*What is needed*
Would you return every line of the listing below that has "dans" in it?

*Records for processing*
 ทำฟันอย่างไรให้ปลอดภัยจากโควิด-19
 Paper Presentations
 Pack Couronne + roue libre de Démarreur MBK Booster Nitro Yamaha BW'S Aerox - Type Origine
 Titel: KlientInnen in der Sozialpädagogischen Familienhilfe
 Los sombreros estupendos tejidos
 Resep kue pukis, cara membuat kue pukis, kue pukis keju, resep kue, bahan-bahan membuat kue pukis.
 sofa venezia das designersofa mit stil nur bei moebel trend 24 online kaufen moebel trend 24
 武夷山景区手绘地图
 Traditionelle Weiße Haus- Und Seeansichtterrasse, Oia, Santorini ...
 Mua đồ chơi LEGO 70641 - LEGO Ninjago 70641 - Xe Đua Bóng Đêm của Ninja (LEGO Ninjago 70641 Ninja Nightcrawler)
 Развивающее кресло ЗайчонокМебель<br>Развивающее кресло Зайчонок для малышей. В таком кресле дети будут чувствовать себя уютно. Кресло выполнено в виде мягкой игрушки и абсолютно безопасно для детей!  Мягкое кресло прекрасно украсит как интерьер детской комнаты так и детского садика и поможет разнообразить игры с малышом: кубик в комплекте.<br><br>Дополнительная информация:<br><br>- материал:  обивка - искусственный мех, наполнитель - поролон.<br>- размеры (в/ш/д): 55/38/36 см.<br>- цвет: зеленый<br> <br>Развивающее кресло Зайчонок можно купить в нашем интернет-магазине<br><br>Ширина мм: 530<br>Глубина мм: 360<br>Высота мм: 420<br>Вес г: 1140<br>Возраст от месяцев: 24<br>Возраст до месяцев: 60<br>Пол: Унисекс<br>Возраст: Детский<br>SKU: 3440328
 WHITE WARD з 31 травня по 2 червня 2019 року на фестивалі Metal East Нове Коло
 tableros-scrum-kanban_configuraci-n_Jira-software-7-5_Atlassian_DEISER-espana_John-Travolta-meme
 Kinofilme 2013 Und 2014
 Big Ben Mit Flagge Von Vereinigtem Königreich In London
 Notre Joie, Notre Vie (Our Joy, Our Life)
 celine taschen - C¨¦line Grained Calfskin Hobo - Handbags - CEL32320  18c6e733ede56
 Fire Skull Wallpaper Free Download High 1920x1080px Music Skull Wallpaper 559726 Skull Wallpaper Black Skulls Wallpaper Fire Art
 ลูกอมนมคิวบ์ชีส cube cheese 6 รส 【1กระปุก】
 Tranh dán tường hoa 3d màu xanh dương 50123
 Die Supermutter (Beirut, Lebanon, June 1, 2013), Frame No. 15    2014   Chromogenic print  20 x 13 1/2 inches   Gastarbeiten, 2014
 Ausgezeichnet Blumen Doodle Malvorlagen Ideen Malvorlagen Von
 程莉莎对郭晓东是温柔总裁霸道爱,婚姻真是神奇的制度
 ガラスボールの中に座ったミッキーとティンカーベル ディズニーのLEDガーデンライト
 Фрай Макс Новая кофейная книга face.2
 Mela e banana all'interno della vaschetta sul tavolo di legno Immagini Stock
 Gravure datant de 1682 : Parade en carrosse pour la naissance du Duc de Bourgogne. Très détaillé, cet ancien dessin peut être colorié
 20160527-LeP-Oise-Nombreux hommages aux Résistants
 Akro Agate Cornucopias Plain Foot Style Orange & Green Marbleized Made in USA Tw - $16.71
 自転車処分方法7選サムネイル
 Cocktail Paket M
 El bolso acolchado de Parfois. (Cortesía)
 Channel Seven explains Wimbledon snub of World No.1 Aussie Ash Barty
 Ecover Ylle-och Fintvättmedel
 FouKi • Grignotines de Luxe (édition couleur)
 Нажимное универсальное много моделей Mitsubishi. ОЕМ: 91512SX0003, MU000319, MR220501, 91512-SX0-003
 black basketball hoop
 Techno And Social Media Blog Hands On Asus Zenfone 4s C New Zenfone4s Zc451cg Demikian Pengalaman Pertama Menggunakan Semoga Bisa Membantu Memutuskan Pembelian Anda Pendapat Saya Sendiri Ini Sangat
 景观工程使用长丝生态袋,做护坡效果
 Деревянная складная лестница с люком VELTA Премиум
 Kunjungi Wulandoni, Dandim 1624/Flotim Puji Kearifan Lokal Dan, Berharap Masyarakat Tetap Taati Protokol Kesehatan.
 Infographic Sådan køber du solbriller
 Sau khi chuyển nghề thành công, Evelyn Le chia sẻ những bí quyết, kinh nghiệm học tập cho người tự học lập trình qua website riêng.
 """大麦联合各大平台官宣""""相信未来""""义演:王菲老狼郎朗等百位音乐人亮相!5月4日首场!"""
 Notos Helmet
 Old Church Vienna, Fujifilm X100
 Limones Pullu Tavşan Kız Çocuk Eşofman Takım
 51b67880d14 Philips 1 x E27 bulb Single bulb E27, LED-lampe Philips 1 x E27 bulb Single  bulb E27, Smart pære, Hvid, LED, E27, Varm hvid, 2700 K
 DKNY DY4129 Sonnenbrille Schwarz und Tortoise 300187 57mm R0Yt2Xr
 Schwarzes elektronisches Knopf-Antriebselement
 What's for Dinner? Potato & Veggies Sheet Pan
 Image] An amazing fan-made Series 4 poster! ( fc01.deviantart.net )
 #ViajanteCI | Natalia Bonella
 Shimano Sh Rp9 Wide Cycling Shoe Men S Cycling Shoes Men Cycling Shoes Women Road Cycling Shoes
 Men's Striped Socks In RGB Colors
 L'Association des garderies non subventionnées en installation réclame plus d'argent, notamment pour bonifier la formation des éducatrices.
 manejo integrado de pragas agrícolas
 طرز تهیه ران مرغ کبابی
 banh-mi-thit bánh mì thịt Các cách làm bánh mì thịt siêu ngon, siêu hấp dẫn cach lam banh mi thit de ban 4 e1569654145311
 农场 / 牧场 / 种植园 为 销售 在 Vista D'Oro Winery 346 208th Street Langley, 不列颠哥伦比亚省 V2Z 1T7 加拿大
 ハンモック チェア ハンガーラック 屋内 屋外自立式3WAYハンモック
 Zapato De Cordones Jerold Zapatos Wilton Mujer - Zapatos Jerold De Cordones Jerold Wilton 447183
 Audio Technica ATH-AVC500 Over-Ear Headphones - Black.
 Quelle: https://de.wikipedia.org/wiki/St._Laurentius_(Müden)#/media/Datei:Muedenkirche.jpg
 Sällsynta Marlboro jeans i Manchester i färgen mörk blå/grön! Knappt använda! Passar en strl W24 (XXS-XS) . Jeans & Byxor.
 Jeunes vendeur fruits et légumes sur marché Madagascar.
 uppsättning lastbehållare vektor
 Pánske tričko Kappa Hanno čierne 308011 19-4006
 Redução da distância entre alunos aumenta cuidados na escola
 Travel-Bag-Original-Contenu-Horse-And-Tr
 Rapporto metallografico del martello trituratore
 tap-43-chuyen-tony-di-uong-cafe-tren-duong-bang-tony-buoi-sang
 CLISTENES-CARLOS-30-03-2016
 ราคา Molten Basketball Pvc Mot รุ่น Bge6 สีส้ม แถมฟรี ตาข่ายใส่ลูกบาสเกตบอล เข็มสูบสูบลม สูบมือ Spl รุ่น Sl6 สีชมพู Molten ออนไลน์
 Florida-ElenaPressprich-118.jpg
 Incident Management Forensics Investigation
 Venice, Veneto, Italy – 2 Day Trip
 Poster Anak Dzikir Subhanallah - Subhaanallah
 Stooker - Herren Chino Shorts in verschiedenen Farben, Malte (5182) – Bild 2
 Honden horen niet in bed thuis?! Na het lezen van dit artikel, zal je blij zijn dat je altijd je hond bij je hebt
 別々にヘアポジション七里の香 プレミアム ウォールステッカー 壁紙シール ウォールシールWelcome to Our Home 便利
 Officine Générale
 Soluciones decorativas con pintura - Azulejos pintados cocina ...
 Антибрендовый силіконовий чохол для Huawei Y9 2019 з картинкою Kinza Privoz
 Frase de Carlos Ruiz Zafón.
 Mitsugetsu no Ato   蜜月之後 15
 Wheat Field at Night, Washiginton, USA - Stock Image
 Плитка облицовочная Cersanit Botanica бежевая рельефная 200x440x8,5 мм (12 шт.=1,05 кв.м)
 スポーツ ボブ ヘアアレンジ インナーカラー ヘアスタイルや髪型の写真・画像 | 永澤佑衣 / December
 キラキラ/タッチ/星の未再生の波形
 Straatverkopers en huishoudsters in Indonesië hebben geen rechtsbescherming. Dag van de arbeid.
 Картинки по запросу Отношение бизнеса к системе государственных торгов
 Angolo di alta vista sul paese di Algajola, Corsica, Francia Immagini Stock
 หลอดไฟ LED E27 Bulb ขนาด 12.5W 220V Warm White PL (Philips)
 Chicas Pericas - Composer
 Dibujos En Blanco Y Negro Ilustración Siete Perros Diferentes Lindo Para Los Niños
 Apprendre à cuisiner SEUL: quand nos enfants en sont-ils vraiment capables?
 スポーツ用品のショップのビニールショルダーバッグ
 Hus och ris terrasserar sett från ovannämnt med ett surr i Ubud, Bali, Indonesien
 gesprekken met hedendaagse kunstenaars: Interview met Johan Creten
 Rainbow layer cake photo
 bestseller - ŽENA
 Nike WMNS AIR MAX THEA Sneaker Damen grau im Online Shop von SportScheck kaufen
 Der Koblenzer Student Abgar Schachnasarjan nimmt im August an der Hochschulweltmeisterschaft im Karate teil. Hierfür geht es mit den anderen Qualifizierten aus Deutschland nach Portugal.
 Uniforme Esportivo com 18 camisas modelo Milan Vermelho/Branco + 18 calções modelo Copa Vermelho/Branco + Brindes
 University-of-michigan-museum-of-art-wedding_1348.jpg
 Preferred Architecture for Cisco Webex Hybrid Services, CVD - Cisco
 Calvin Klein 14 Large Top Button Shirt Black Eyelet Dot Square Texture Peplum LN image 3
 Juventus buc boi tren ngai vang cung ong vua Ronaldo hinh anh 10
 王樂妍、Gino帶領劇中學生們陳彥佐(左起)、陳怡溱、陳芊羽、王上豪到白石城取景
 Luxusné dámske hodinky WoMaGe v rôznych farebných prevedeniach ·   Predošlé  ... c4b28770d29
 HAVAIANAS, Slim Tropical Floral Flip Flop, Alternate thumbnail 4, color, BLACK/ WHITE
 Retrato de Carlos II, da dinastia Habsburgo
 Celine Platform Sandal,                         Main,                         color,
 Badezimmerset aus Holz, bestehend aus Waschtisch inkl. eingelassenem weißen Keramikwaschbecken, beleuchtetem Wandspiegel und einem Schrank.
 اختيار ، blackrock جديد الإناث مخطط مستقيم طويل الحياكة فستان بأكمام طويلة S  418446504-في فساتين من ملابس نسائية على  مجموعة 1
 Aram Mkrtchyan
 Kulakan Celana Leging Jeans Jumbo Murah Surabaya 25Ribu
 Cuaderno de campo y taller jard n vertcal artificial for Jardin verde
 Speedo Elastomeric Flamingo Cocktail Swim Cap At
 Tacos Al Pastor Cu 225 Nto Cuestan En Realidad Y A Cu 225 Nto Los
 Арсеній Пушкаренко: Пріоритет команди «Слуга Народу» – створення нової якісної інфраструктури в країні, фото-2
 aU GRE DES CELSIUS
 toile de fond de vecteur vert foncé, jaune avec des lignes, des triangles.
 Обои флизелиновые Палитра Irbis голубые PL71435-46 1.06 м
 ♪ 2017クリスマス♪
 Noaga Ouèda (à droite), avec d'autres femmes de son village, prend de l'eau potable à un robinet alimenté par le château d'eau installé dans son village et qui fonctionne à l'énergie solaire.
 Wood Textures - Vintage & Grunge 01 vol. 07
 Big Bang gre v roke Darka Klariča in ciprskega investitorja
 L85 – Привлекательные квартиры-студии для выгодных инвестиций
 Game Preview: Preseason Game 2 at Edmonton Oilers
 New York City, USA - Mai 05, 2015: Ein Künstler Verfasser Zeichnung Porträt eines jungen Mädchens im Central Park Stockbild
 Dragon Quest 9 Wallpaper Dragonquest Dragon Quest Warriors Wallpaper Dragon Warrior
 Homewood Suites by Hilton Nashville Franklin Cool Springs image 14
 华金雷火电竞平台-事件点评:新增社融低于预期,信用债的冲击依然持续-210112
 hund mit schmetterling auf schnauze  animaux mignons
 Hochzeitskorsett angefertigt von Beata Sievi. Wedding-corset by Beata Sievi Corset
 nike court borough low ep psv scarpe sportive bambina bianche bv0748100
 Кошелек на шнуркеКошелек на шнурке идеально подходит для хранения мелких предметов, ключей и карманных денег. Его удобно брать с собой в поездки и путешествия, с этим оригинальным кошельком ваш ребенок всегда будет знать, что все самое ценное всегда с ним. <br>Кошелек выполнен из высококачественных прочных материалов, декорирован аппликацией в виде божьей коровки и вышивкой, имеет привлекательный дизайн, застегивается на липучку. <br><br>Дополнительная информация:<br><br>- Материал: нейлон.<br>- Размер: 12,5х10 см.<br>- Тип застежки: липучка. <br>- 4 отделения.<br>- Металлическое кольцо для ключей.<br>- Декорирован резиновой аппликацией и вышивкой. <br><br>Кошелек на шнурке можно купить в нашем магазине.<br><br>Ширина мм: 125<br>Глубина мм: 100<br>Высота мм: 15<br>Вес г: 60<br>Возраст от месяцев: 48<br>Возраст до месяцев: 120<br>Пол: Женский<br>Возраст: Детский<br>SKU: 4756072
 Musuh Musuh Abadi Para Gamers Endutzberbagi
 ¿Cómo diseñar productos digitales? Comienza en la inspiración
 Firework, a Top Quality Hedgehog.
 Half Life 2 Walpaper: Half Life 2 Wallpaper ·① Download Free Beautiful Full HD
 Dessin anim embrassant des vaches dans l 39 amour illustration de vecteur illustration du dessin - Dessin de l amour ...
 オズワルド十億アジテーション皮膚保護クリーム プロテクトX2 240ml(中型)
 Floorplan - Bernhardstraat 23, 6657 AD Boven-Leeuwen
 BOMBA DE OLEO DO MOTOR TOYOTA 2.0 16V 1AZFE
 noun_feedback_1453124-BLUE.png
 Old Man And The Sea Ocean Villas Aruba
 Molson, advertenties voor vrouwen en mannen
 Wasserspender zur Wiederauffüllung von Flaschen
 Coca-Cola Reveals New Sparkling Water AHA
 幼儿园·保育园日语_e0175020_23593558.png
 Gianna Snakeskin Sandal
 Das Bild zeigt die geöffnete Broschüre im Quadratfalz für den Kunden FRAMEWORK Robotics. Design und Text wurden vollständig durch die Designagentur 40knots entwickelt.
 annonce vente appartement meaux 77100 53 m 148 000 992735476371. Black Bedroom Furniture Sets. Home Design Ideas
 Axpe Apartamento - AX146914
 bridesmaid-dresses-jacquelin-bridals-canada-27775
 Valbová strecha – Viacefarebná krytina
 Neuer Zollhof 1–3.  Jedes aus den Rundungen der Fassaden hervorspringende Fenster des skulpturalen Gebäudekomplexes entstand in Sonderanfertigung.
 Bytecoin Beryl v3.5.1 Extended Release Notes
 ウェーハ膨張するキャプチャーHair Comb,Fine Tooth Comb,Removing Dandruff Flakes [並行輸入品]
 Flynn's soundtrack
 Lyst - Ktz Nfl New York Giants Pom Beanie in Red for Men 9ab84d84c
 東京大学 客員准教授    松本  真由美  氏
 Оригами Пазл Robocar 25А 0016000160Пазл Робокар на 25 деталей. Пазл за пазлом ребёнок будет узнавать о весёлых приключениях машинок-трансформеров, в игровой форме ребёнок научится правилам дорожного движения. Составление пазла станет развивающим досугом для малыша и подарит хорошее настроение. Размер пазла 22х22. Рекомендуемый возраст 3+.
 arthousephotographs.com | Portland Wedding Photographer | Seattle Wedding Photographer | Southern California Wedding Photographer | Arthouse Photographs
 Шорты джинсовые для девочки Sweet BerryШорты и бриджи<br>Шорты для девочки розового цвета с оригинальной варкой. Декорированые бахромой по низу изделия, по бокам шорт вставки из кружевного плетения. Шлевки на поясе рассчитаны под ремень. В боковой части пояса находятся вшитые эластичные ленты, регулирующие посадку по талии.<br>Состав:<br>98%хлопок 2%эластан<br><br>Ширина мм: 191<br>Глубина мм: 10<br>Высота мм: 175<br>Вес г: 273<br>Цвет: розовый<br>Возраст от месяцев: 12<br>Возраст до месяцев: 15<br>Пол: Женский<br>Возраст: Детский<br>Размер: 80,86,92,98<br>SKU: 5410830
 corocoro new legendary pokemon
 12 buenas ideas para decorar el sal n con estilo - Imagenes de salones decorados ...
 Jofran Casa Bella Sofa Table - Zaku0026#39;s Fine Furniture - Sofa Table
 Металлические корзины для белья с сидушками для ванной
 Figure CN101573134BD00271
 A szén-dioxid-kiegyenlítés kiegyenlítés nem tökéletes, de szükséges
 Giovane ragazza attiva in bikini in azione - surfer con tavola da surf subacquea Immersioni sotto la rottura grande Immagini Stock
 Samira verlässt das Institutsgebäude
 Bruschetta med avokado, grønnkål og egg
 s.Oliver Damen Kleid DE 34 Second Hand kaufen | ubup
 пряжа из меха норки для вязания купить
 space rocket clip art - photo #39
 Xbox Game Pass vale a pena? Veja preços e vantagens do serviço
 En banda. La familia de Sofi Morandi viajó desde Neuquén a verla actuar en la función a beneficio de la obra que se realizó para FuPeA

*Output*
 Noaga Ouèda (à droite), avec d'autres femmes de son village, prend de l'eau potable à un robinet alimenté par le château d'eau installé dans son village et qui fonctionne à l'énergie solaire.
 Dessin anim embrassant des vaches dans l 39 amour illustration de vecteur illustration du dessin - Dessin de l amour ...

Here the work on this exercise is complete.